Knowing it’s useless, I lay there, not saying anything, feeling sick to my stomach knowing he’s seen me at my most vulnerable moments. Unbeknownst to me, for the last year, my privacy has been stripped from me. I feel violated and used.

“I also put a tracking device on your car.” I close my eyes and feel a tear fall down my cheek. He keeps his head against my temple as he continues. “I have no idea why I felt the need to watch you and to know where you were all the time, but it wasn’t something I could control. Maybe I was just doing it to protect you, because the thought of something happening to you had my heart feeling like it was being splintered into a million pieces. Maybe my mind is just warped, I don’t know. I just knew I had to watch you, had to see you any time I wanted. Had to know where you were at all times.

“I would stand at your bedroom window and watch you,” he whispers. Revulsion slithers in when I think about prancing around my room naked, unknowingly baring myself. “My day didn’t start until I saw you at work, or watched you from my computer or phone. Weekends were the worst for me because I was stuck watching you on camera. I had to wait until it got dark to watch you from your window.” He stops again for a brief second. “Sometimes, I would break in and watch you sleep,” he murmurs.

I jerk with that. My heart breaks further and the feeling of betrayal grows.

“As much as I wanted to, I never touched you beyond pushing your hair back from your face. I needed to see your face. You looked so peaceful and sweet while you slept.”

I start to tremble when a new emotion starts to form. An emotion I never thought I would feel toward Asher.

Fear.

Fear of what he could have possibly done to me while I slept. Fear of what he could do to me right now. I’m vulnerable and I know it. Asher could literally do anything he wanted to me right now and there’s not a damn thing I can do to stop it. And obviously, his limits are very low. He’s shown he’s willing to do just about anything. Does that include hurting me? I don’t want to think Asher is capable of that—he’s never hurt me physically before—but it’s obvious I don’t know him as well as I thought I did.

I tremble as I lay beneath him. He still has his forehead against my temple. Tears silently trickle from my eyes and onto the bed. The pain in my chest hurts worse than anything I’ve ever felt before. It hurts worse than when my mom and dad died. Worse than when I found Grant cheating on me. It feels like my heart will never be whole again.

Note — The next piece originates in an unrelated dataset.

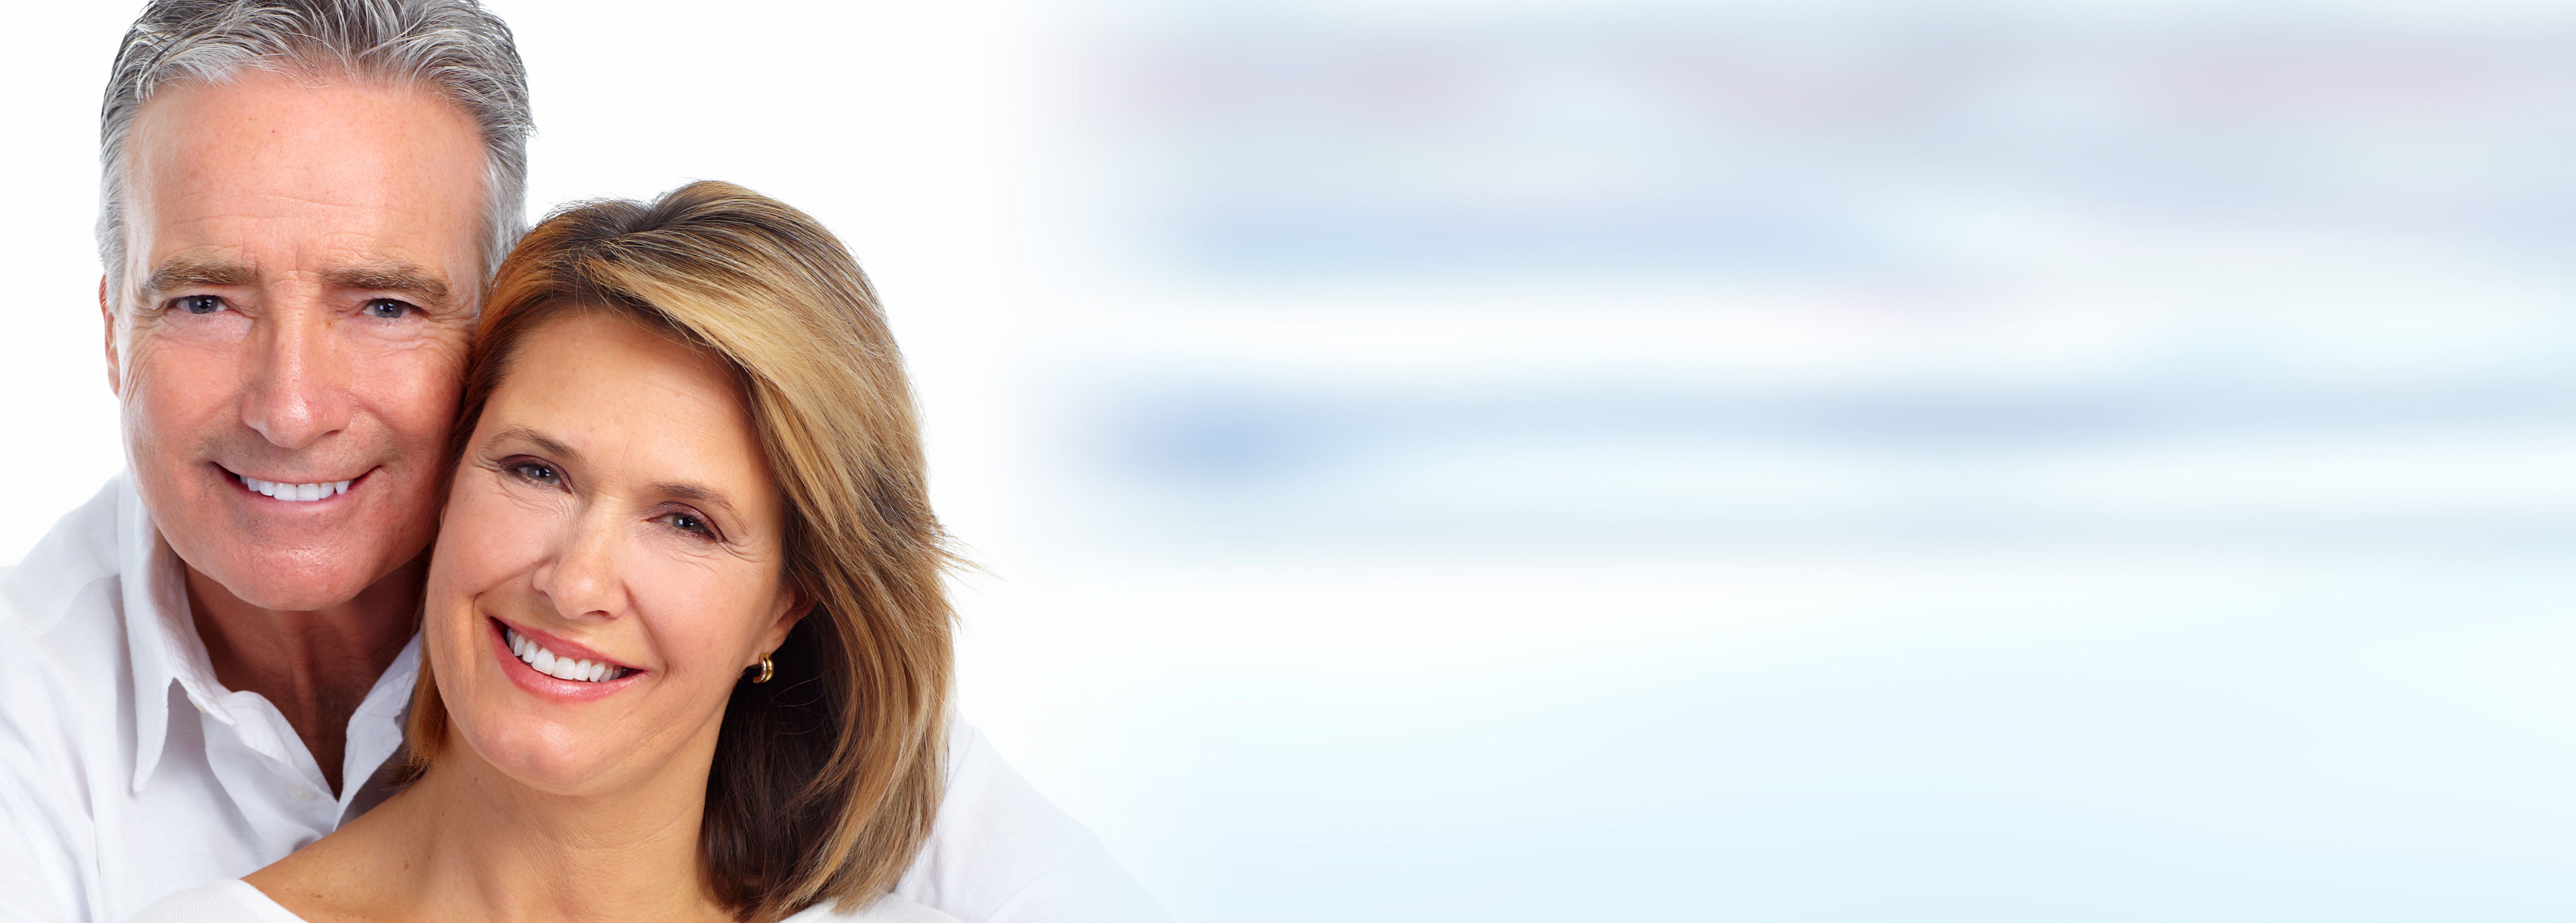 Omni Dermatology – Dermatologist Phoenix 85018, 85037, Mohs
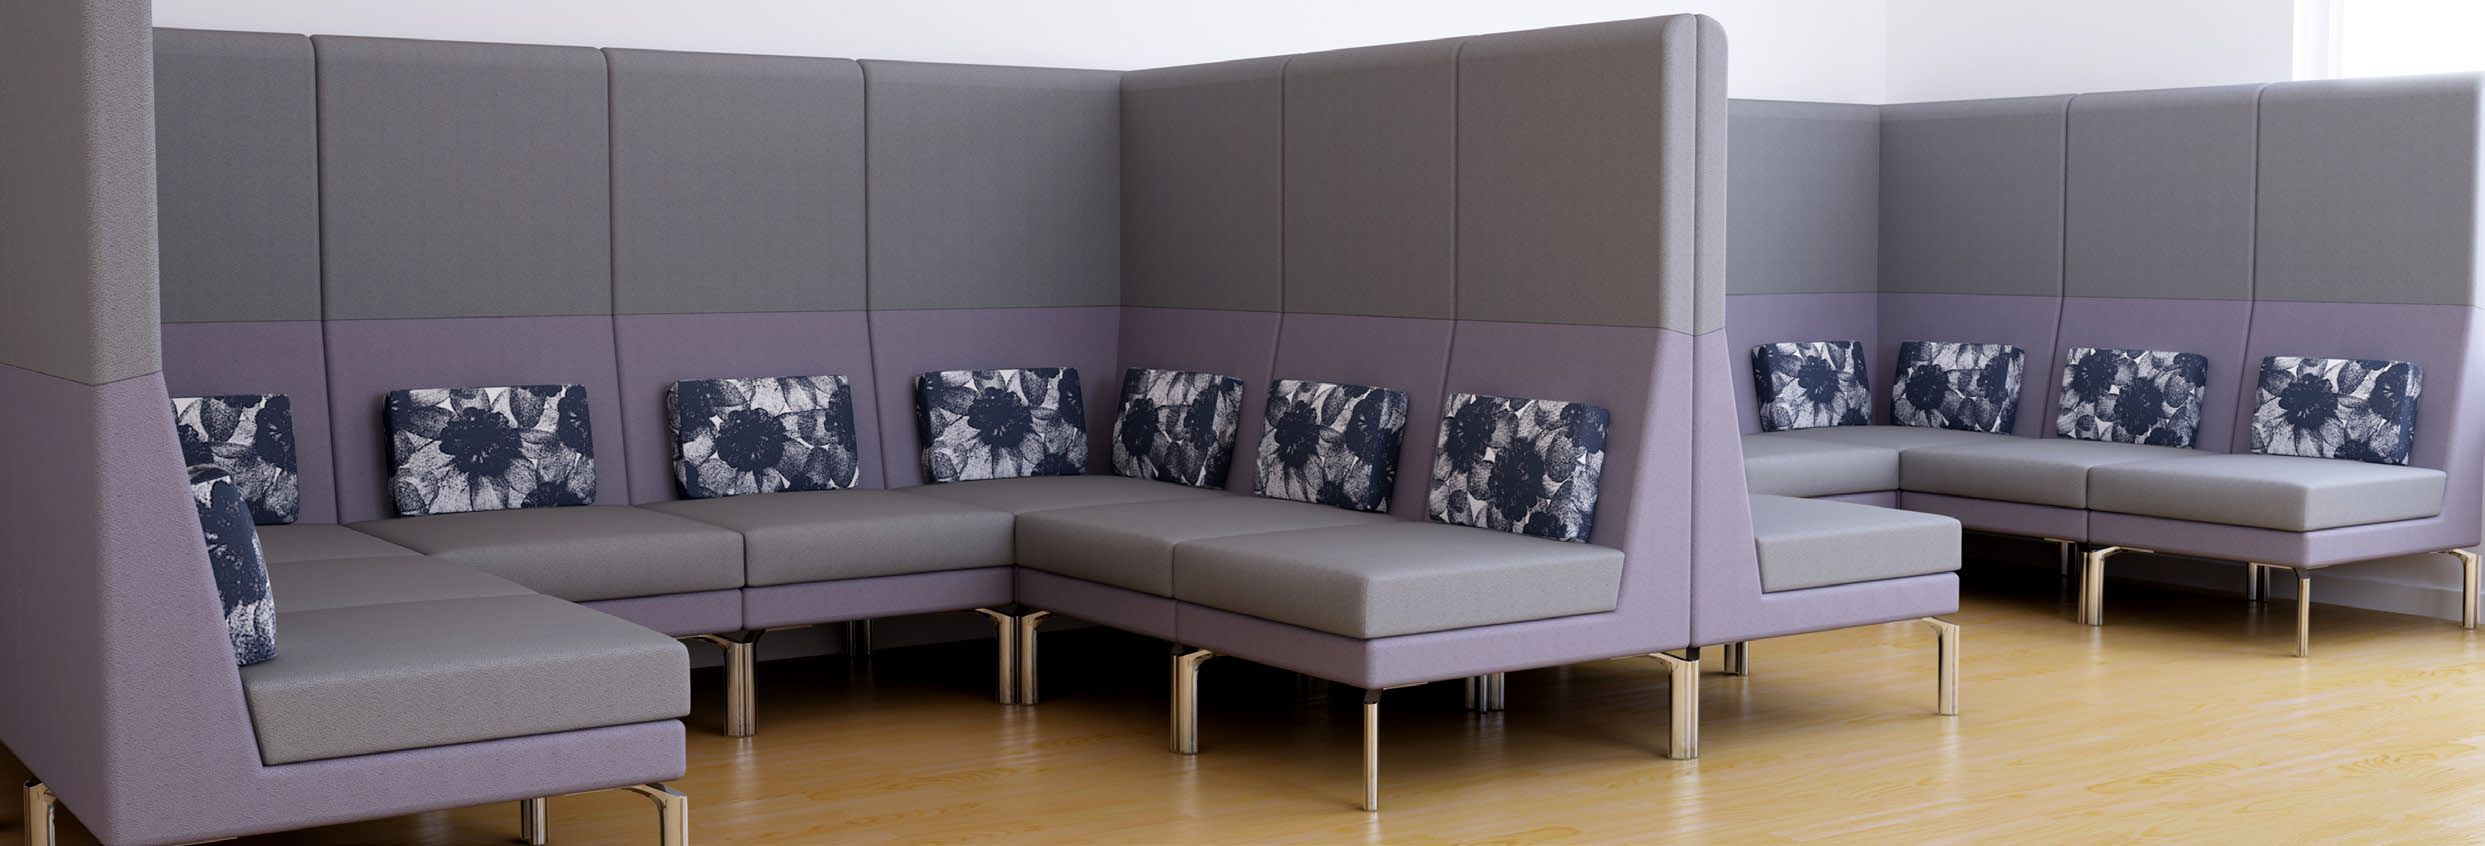 Casa Andrea Milano Sectional Sofa Mexico Sillones Modernos Individuales 4 Articulos Interesantes

I close my eyes and whimper when I feel Asher’s fingers on my cheek, wiping away my tears. His voice is hoarse when he continues to talk, breaking my heart and making me fear him all the more.

“The reason I’m so good at my job is because I used to hack into computers. I started when I was eight years old. I never came across a system I couldn’t break into. Anyway, I found the dating site you were using and broke into their database. All the dates you went on, I orchestrated because I knew they would turn out badly. To me, you were already mine, so I wasn’t going to allow some man to come in and take you away before I had a chance to move in myself.”

I flinch and try to hold back my sob, but it slips free. The more he reveals, the more pain I feel. I can’t handle much more before I completely break down. I focus my eyes on the vase of flowers on the nightstand and try to block out Asher’s voice, but he’s right there in my ear.

“The day you were supposed to meet Eric, I slashed his tires. When I found out you were having dinner with him, it took

everything in me to not put my fist through his face,” he says softly, but there’s a hard edge to his voice. “I couldn’t let him near you like that. The stars in his eyes when he talked about you… fuck, Poppy. He’s been my closest friend for years, but I swear I wanted to hurt him. I wanted to knock every thought of you from his mind. I hated myself for thinking like that, but I did. There’s nothing I wouldn’t do, nothing I wouldn’t give up to have you.”